Serving Whitman County since 1877

Opinion - Hail, hydro

The ongoing nuclear disaster in Japan has sparked new conversations about how to meet future energy needs here in America.

A new blanket of fear cloaks nuclear plants. Since the Three Mile Island disaster, this country has turned away from nuclear generating plants. Then, as anxiety over nuclear plants was easing, the Fukushima plants went into meltdown.

Wind power, solar power and natural gas will not be enough to provide energy for the country. Alone or in combination, they fall short of demand.

Coal, of course, is environmentally suspect and requires expensive transport from mine to generator.

That leaves us with hydropower. So many Americans have been inculcated with an antipathy for hydropower that little positive is said about it.
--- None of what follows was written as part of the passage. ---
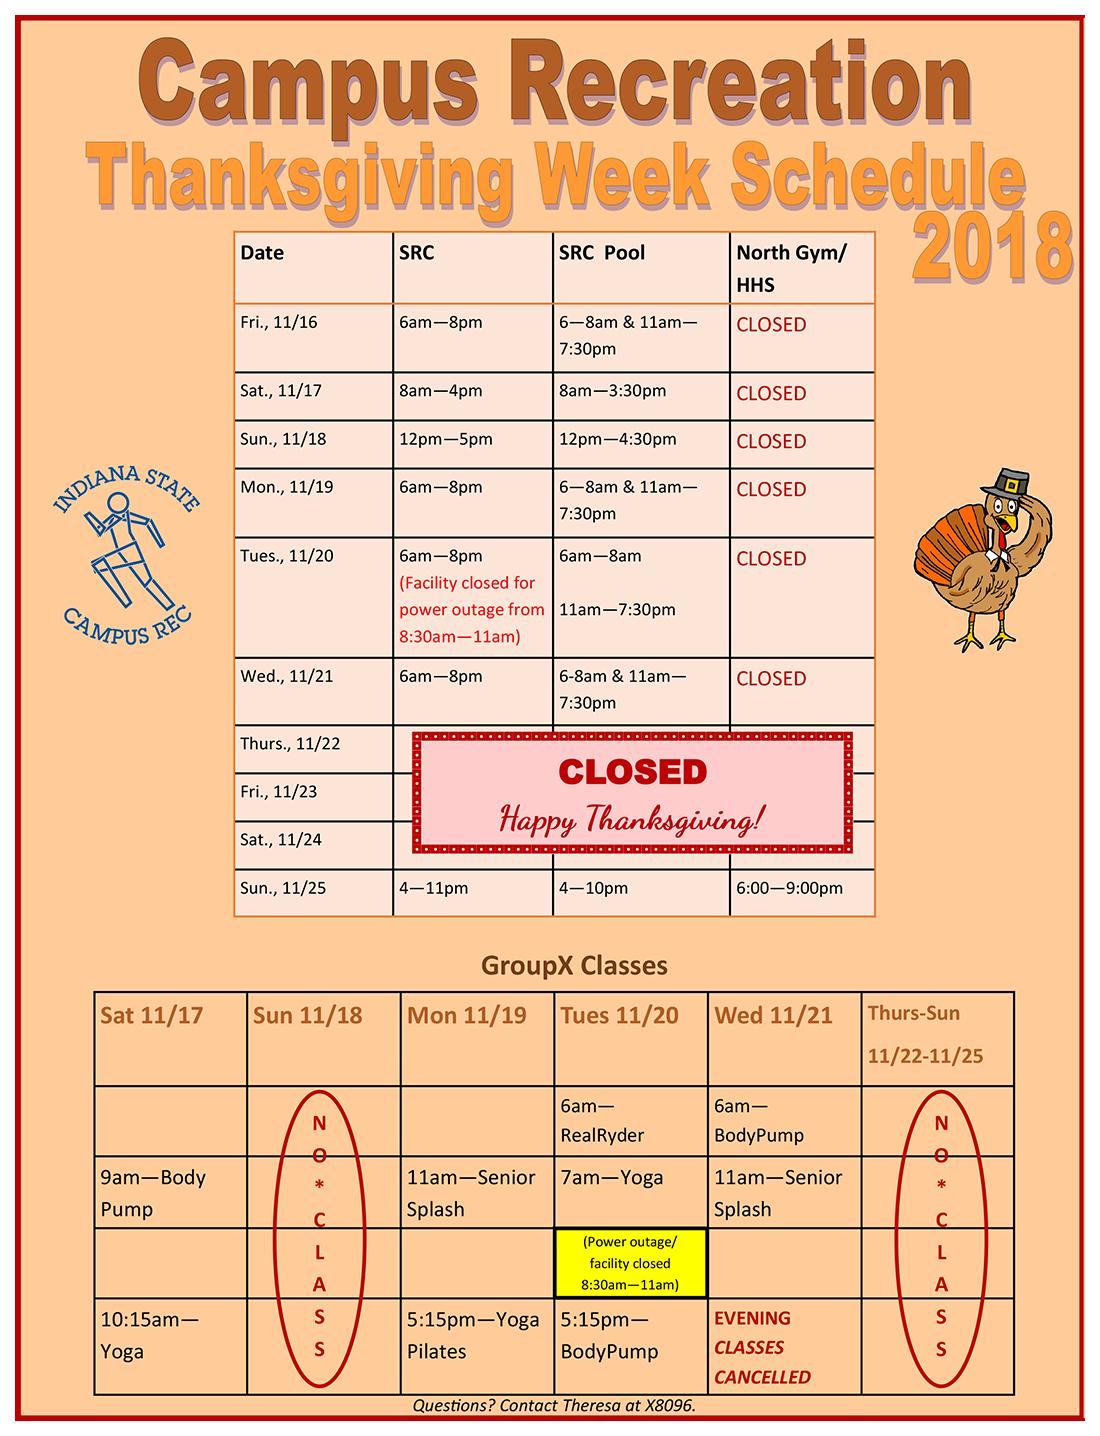 Campus Rec Thanksgiving 2018 Schedule

In fact bashing hydropower seems to earn one the badge of environmental purity.

Nevertheless, hydropower is a vital part of any energy strategy.

Dams in the Snake and Columbia rivers system power most of the Pacific Northwest, with enough excess electrical power to sell to other areas.

Hydropower is clean. It is renewable. It provides other advantages such as recreation and farm-to-market access.

The environmental concerns regarding fish species can be solved. An enlightened, objective and non-politicized approach could solve the problem for a mere fraction of the money that rolling blackouts, runaway nuclear reactors and blackened skies ultimately cost.

If America is ever to have an intelligent energy strategy, tried and true hydropower must be included as a linchpin of that policy.

And, now is the time to convince the doubters.